Ethyl cellulose is a food additive used as an emulsifier. In the EU, it has the assigned number E462. EC can be used as an oleoegelator because it binds oil due to hydrogen bonds and van der Waals forces. The mechanical properties of EC oleogels depend on their molecular weight and the development of harder gels. The addition of surfactant modifies them by making the gels more elastic [85,86,87].
In recent years, researchers have developed new oleogels by employing hydroxypropyl methylcellulose (HPMC) and other cellulose derivatives. Unlike EC, they cannot be diluted in oil by heating and mixing. HPMC isused as an emulsifier, and then water is evaporated, or after hydrogel preparation, water is evaporated by lyophilisation, forming a sponge-like dry network filled with oil and homogenised [88,89].

Proteins

Proteins are not typical oleogels because they do not create a network in oil. Proteins are used as emulsifiers and surfactants in classical emulsions because of their amphiphilic nature.

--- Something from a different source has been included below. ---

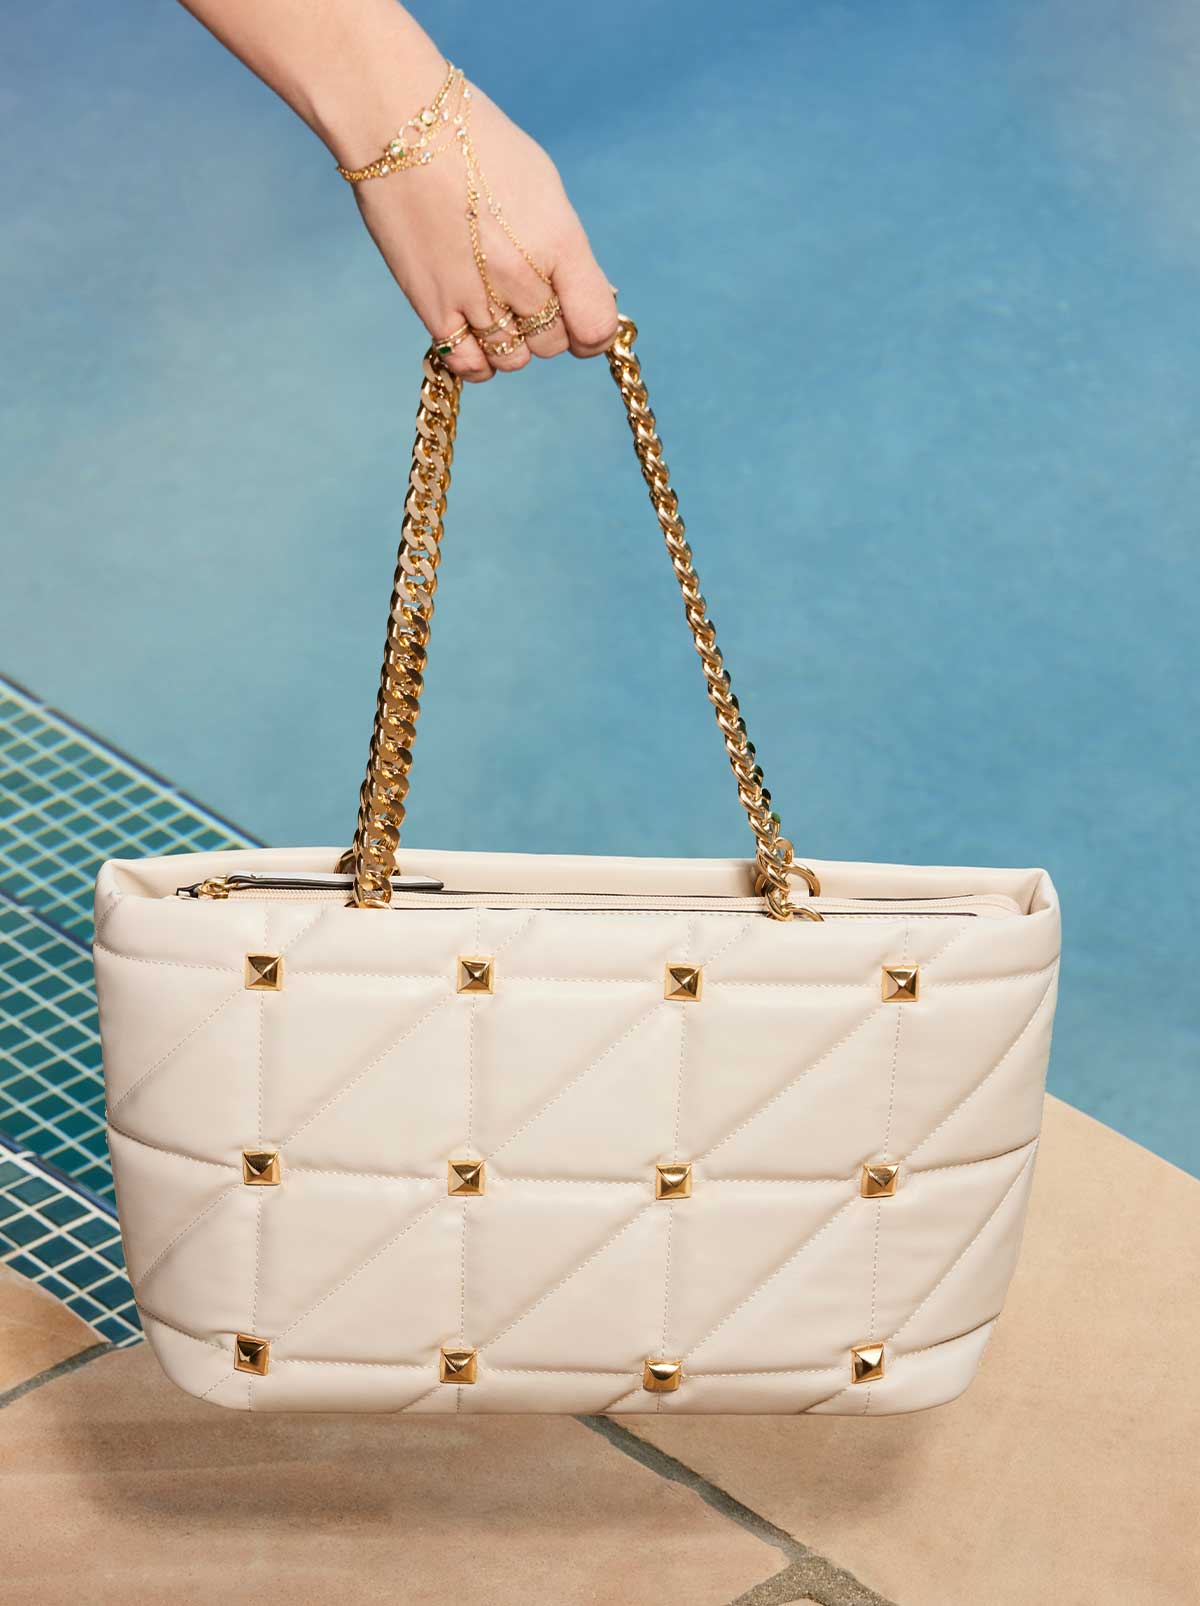 jessica simpson handbags | Nordstrom

However, they can also be used as agents for developing a high internal phase Pickering emulsion. This feature lets us obtain oleogels by a method similar to the one for HPMC oleogels. In Pickering emulsions, oil droplets are surrounded on the surface by solid nanoparticles, microgels, or fibrils, which develop a barrier.
Moreover, this kind of emulsion can be characterised by enhanced stability because of the formation of a 3-dimensional viscoelastic particle network. Therefore, proteins that can be used in the Pickering emulsion development should have a tendency to aggregate [90,91]. One of the methods for developing a protein oleogel involves removing the water phase from the Pickering emulsion. The second way of preparing protein oleogels is the solvent exchange method. In the first stage of this method, a hydrogel is formed by the dispersion of proteins in water. To enable opening hydrophobic groups, the system is heated, and then a solvent with a medium polarity (acetone) is added stepwise to remove water. In the next step, the solvent is removed and replaced by oil. The final protein oleogel may contain <1% of water. The proteins that the researchers used were whey protein [92], soy protein isolate [93], β-lactoglobulin [94], and gelatin [95]. Protein oleogels are the least analysed but have great potential; however, their properties as fat replacers need to be studied.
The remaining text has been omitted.